1903 short film by Edwin S. Porter

Maniac Chase is a 1904 American short silent comedy film directed by Edwin S. Porter and produced by the Edison Manufacturing Company. The film is a remake of The Escaped Lunatic, a film directed by Wallace McCutcheon Sr. released at the beginning of 1904. This was one of two Biograph Company hits remade by Edison's company in fall 1904, the other being Personal, which was copied as How a French Nobleman Got a Wife Through the New York Herald Personal Columns.

==Plot==

Maniac Chase (1904)

A man dressed as Napoleon is locked in a cell. After a fight with three male nurses, he breaks the bars of his window and runs away followed by the nurses. After overcoming various obstacles, he comes back to his cell.

==History==
This film is an example of the way in which American production companies were filming remakes of successful films by their competitors. In this case, Edwin Porter, for the Edison Manufacturing Company not only copied the plot of The Escaped Lunatic directed by Wallace McCutcheon for the American Mutoscope and Biograph Company at the end of 1903 and released at the beginning of 1904, but also copied most of the shots. This was regarded as an "ethical equivalent" to the earlier practice of "duping", i.e. making illegal copies of films made by other firms, which had been made impossible with the clarification of copyright law through court cases. In this case, the remake was successful because the Biograph Company's practice at the time was to show its films on its own circuit for up to nine months before selling them to other exhibitors; Edison's copy made the popular film available to independent exhibitors.

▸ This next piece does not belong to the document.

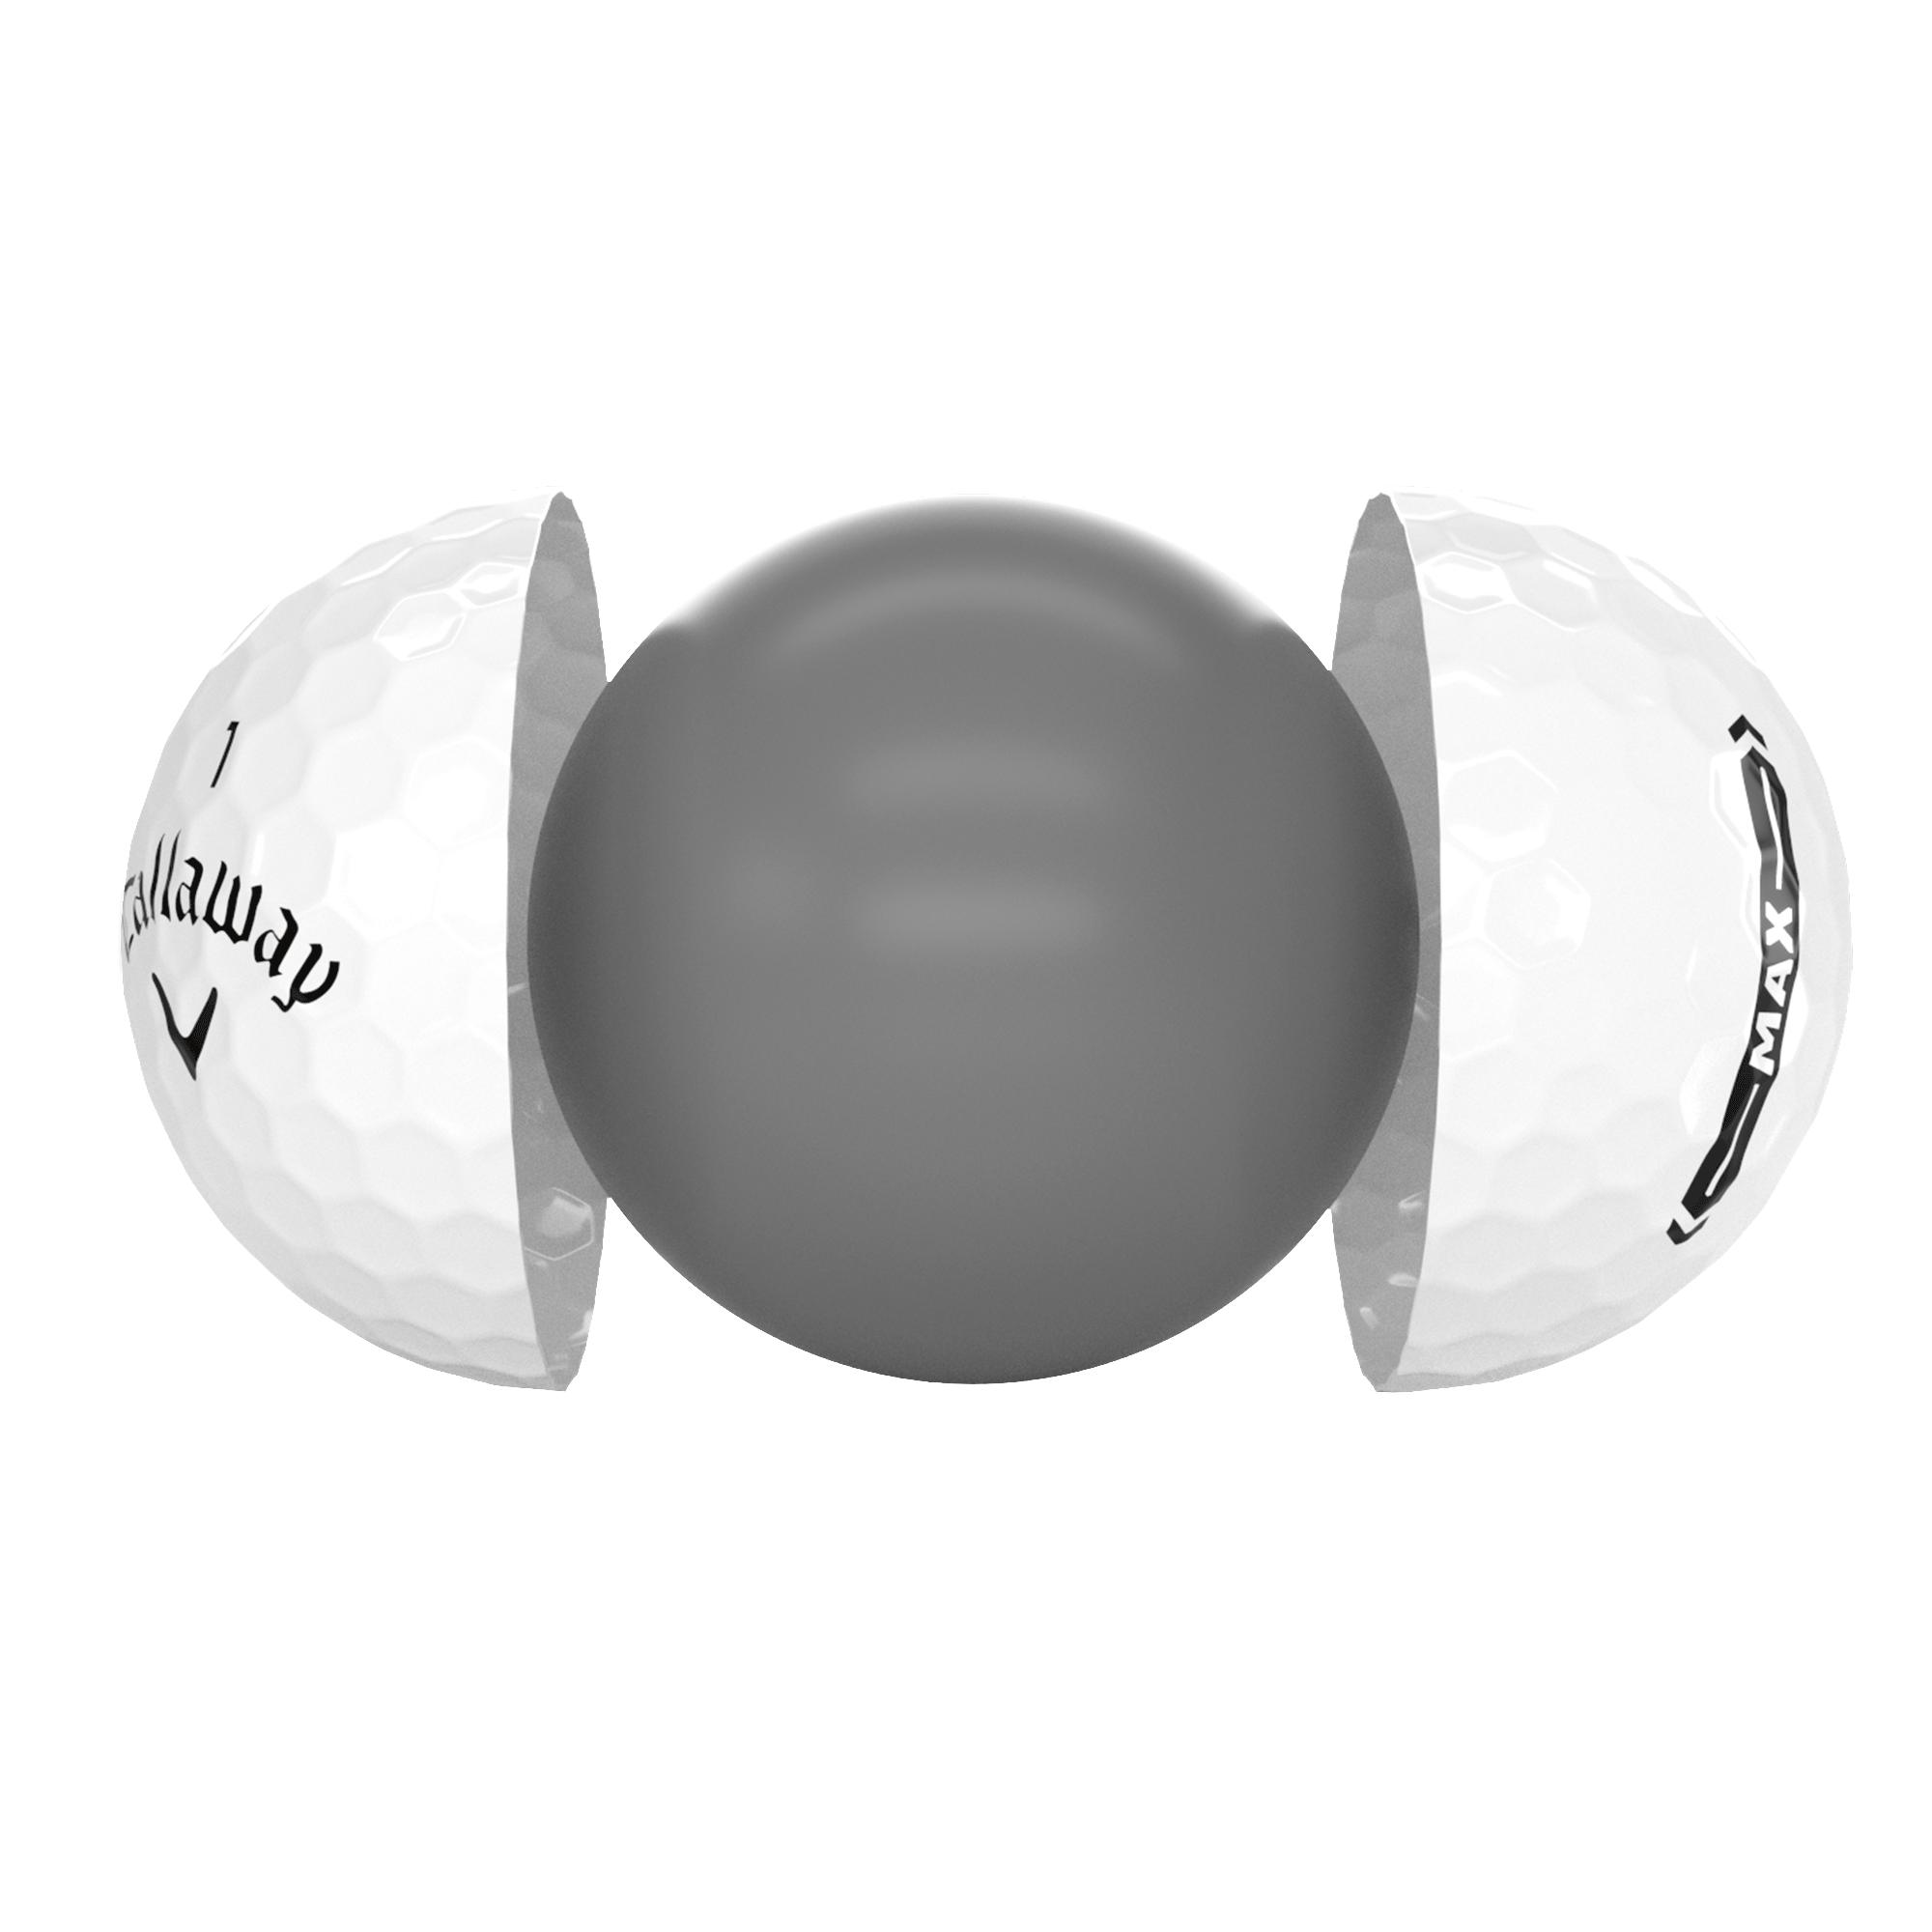 Supersoft MAX Golf Ball

Porter's film however brings a few new elements, notably more elaborate camera panning in shots 2 and 11, and the use of reverse motion for shot 5 where the characters seem to fly away into a tree. This increases the unreal feeling of the chase and, combined with the fact that when the protagonist comes back to his cell, he finds intact the table that he had previously broken, suggests that the whole chase may have been imagined by the madman.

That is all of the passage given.